DATA EXCERPT Block Start

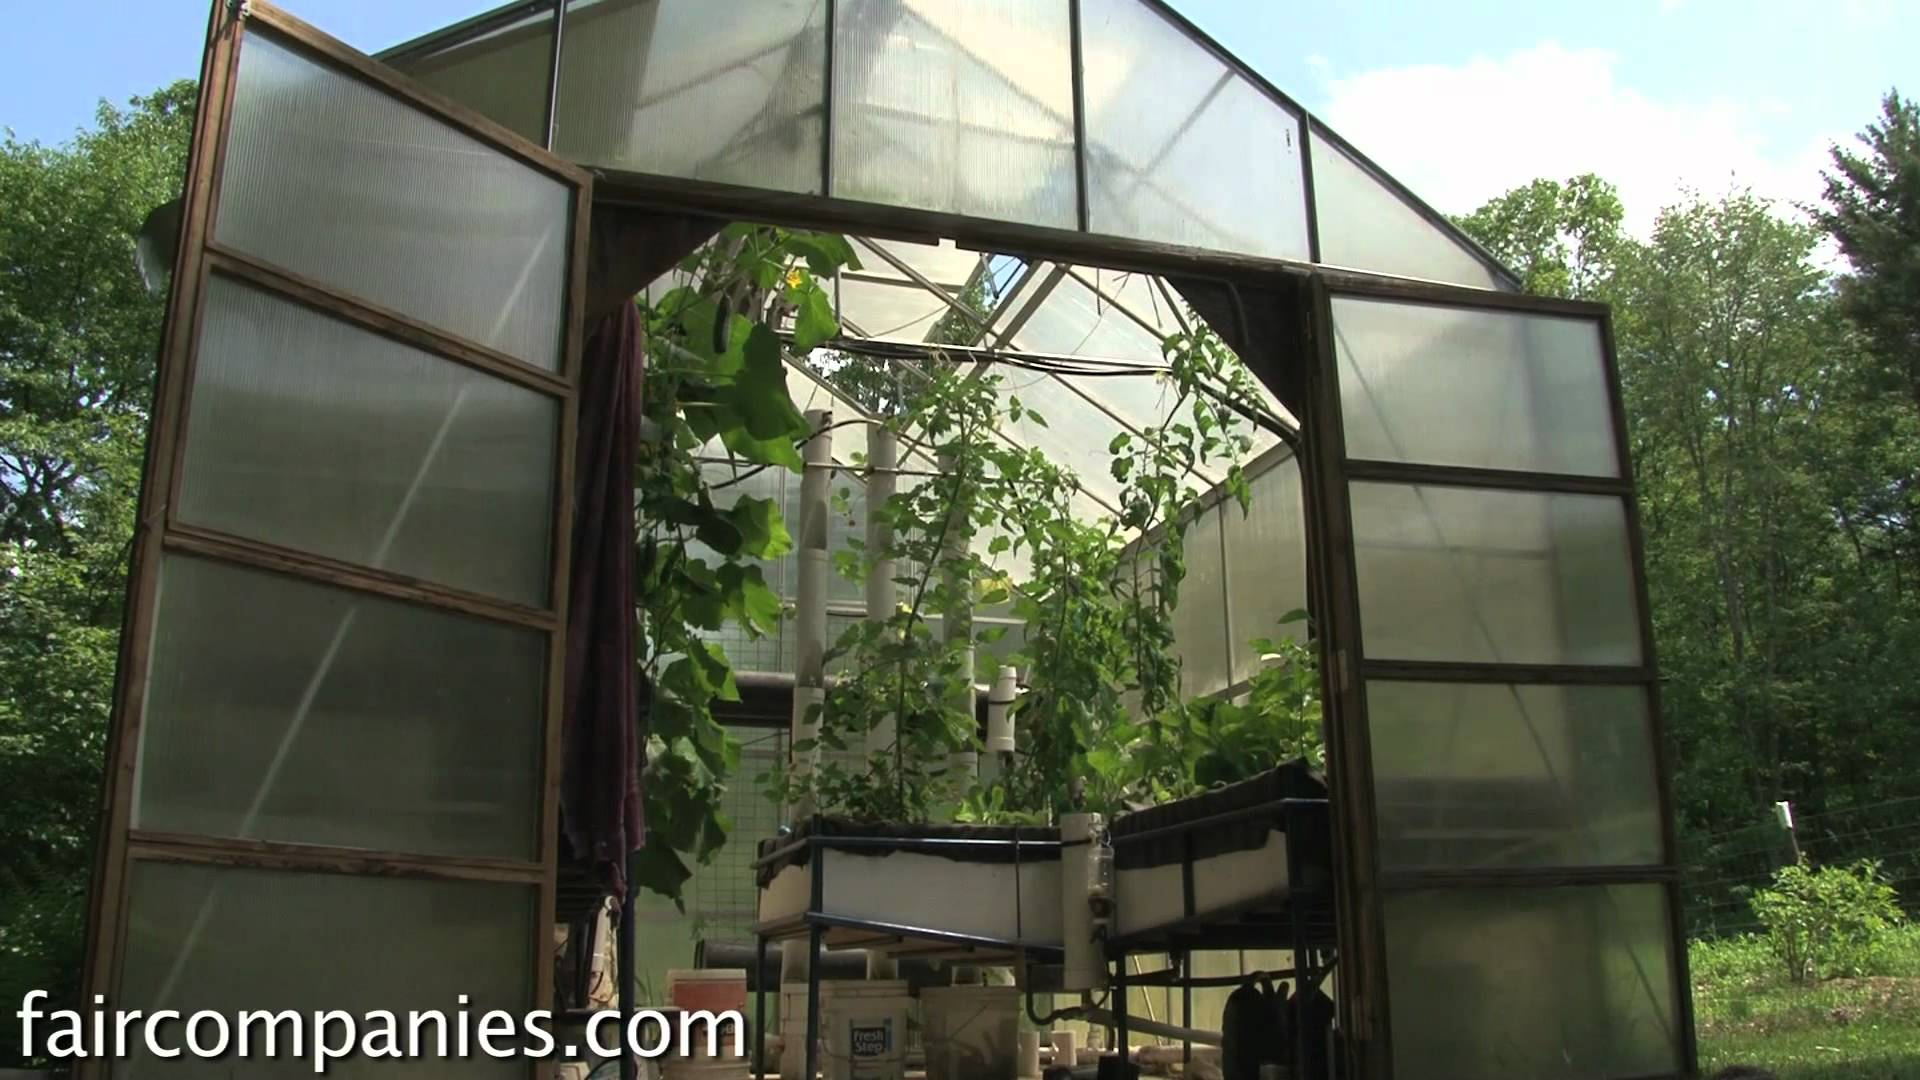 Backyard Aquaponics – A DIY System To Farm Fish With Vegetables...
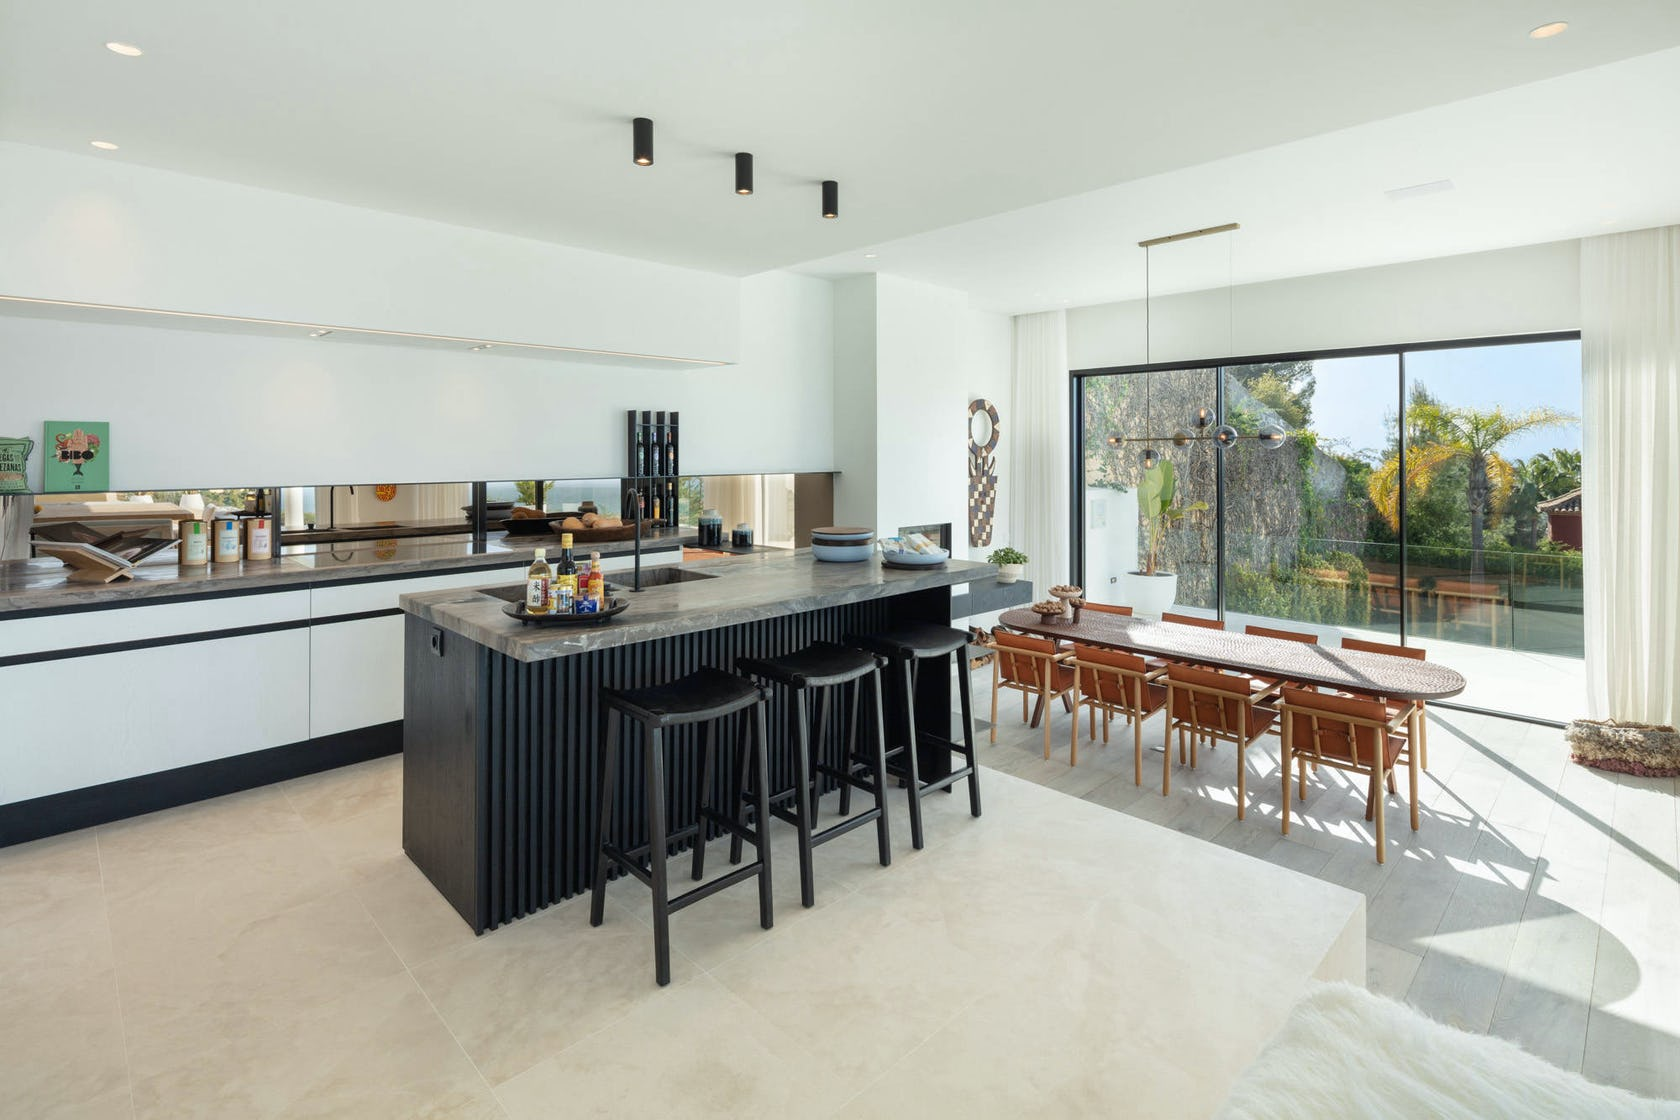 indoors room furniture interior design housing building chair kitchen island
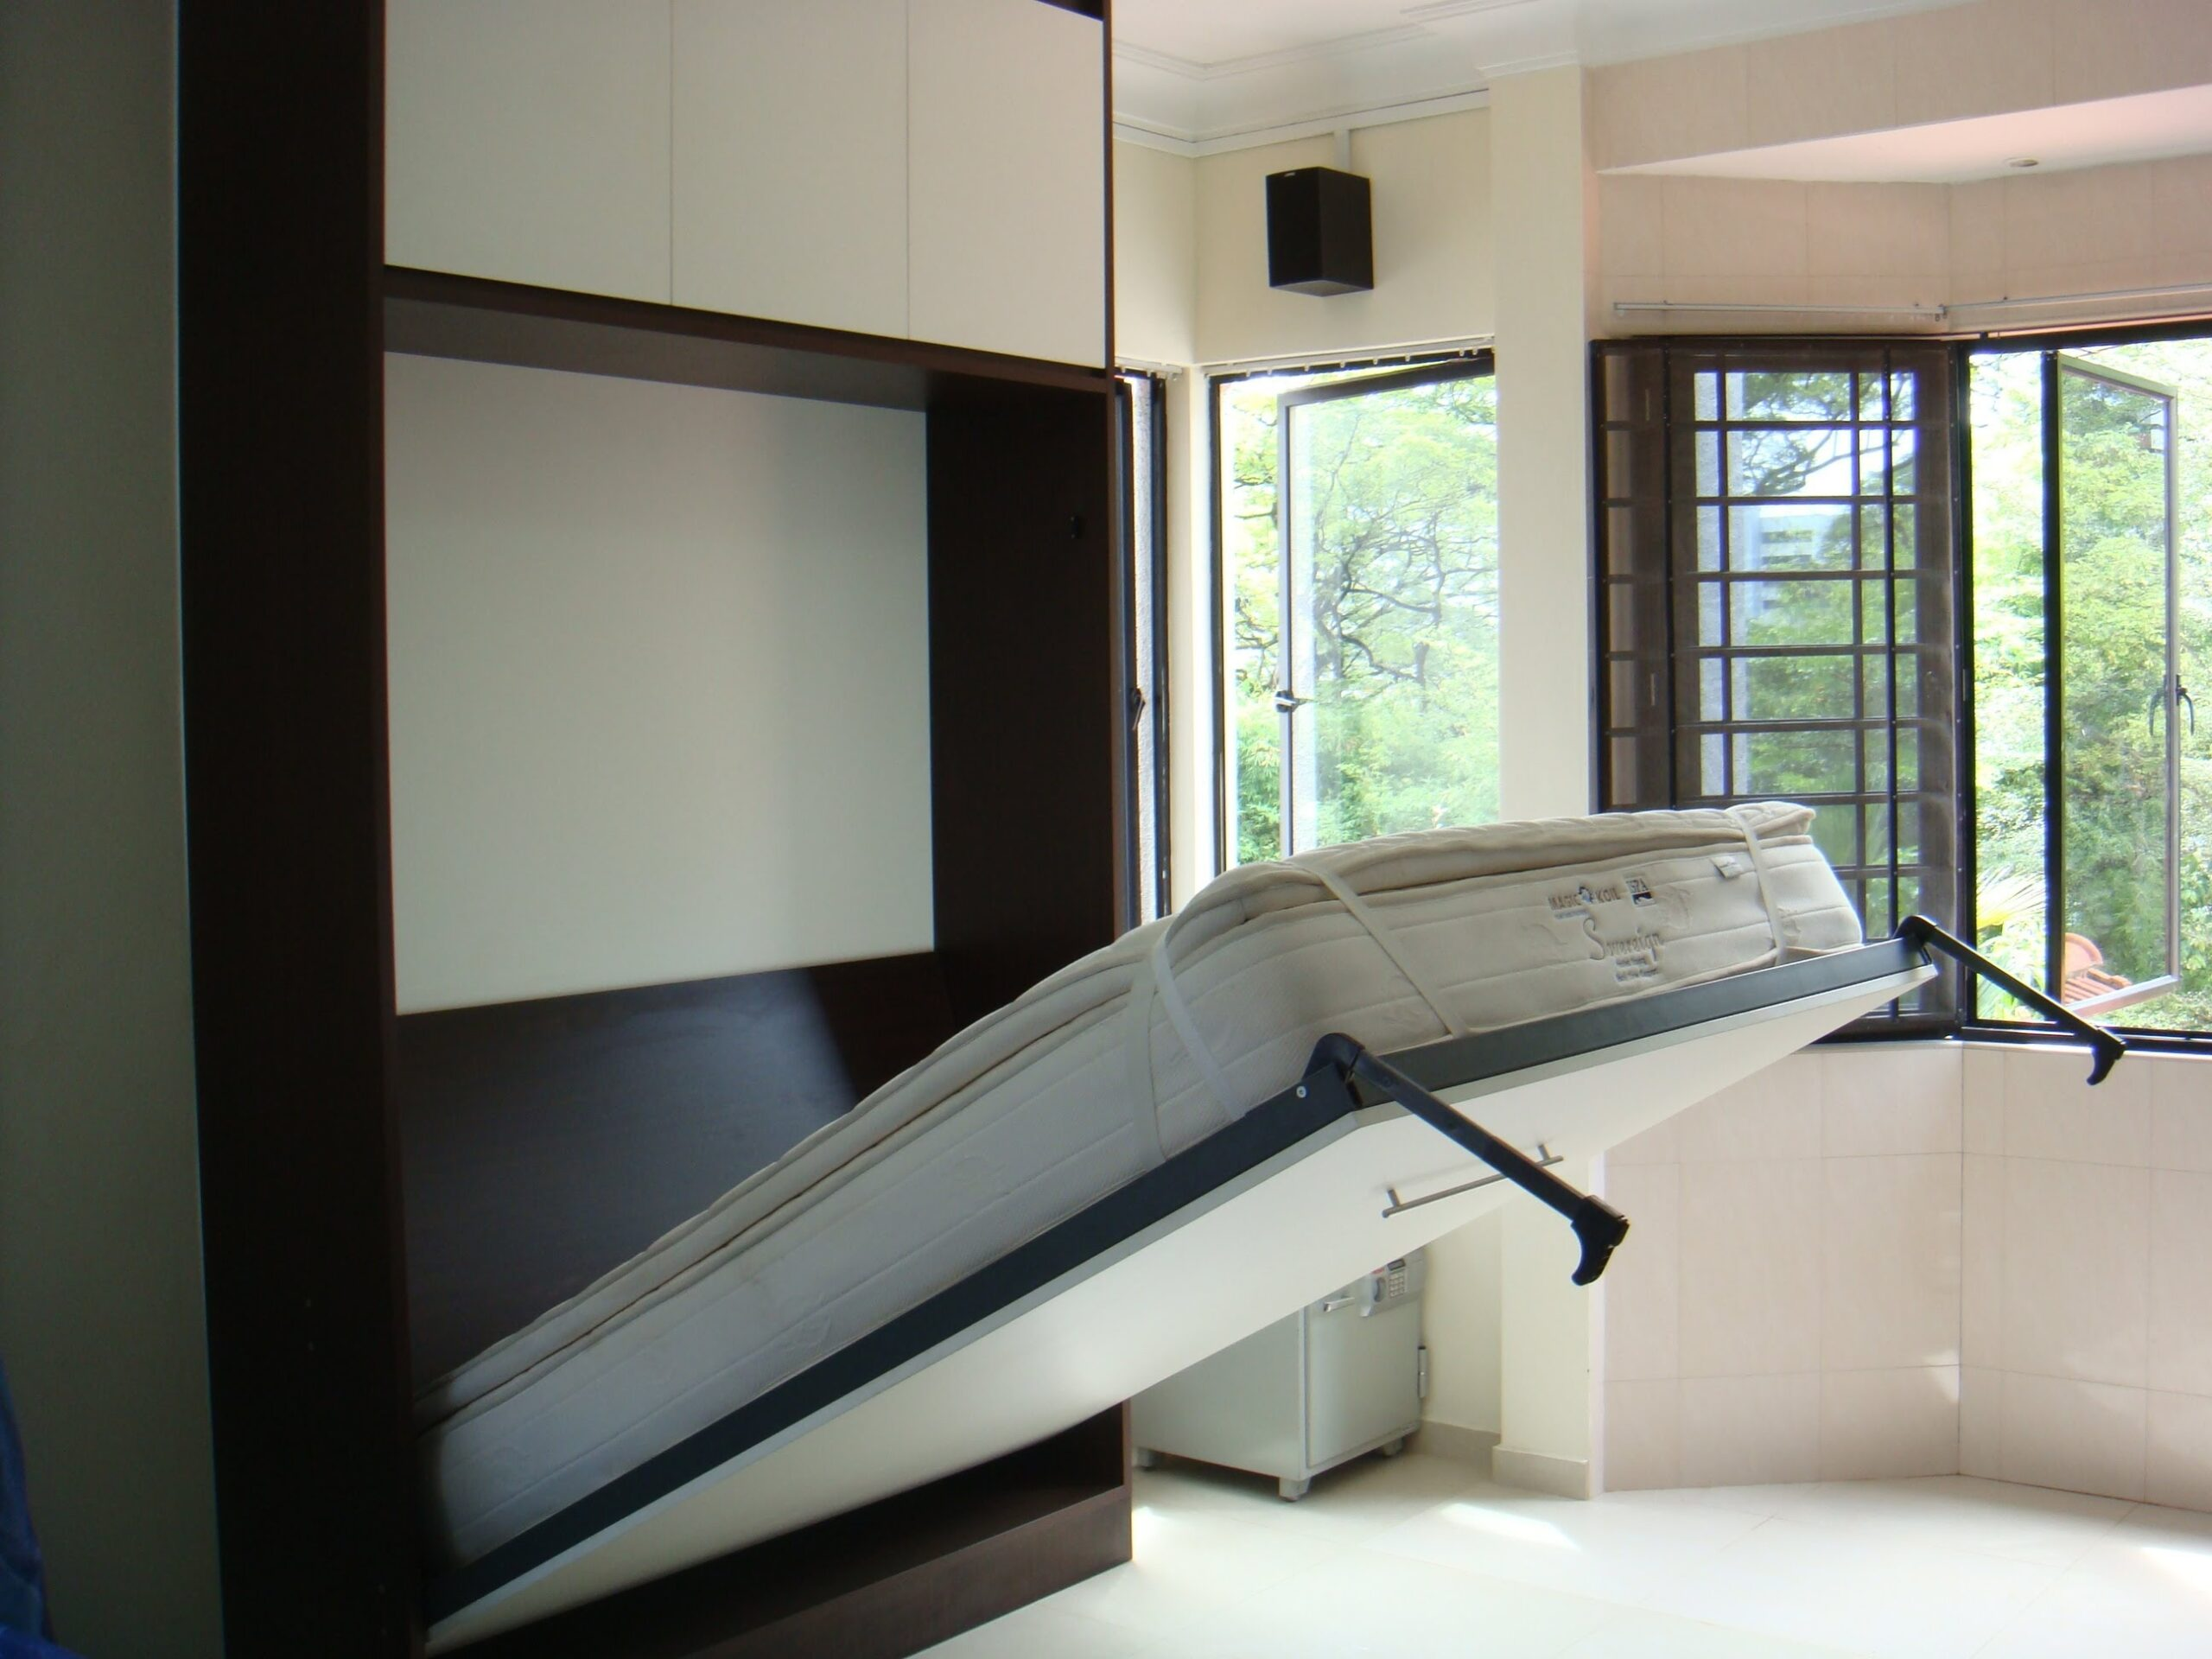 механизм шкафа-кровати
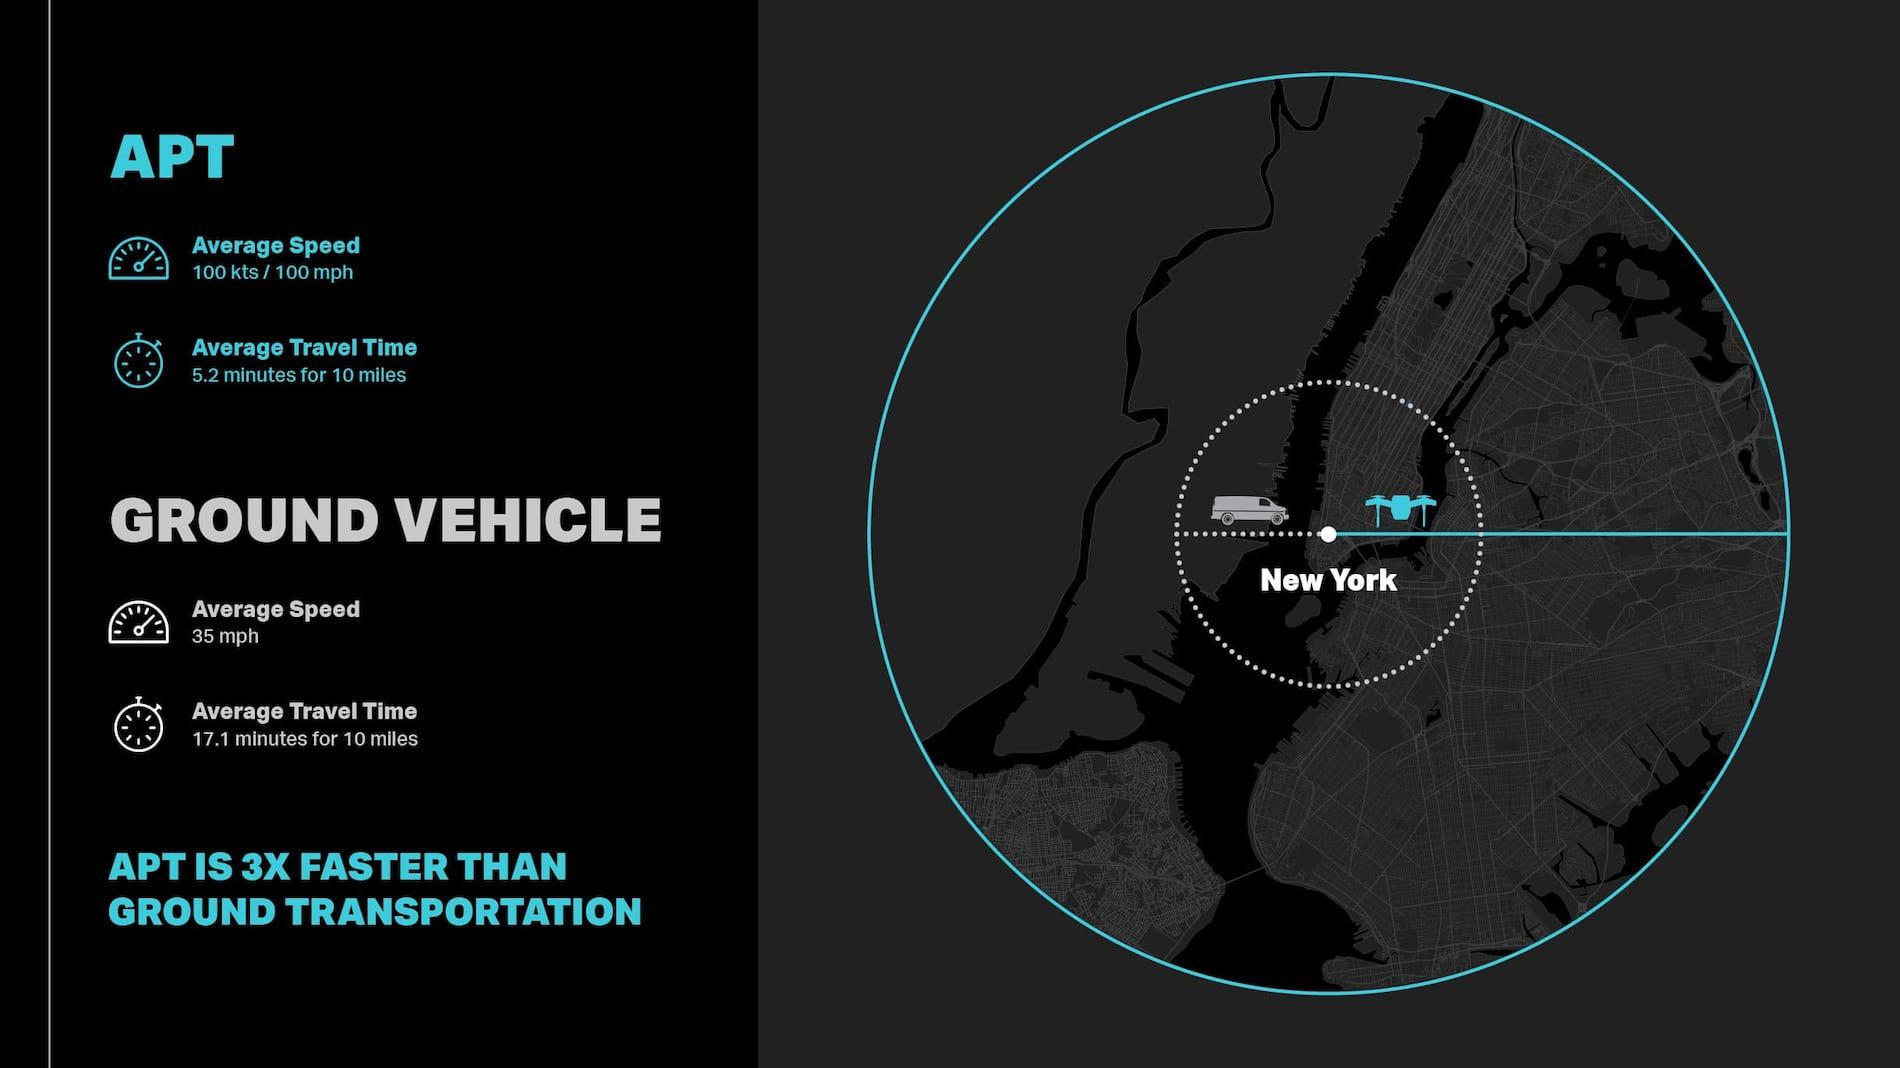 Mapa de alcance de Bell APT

DATA EXCERPT Block End

→ **PROBLEM**: Copy out the material above in full and exactly, but with no pictures.

→ **RESULT FOR THIS EXERCISE**:
 Backyard Aquaponics – A DIY System To Farm Fish With Vegetables...
 indoors room furniture interior design housing building chair kitchen island
 механизм шкафа-кровати
 Mapa de alcance de Bell APT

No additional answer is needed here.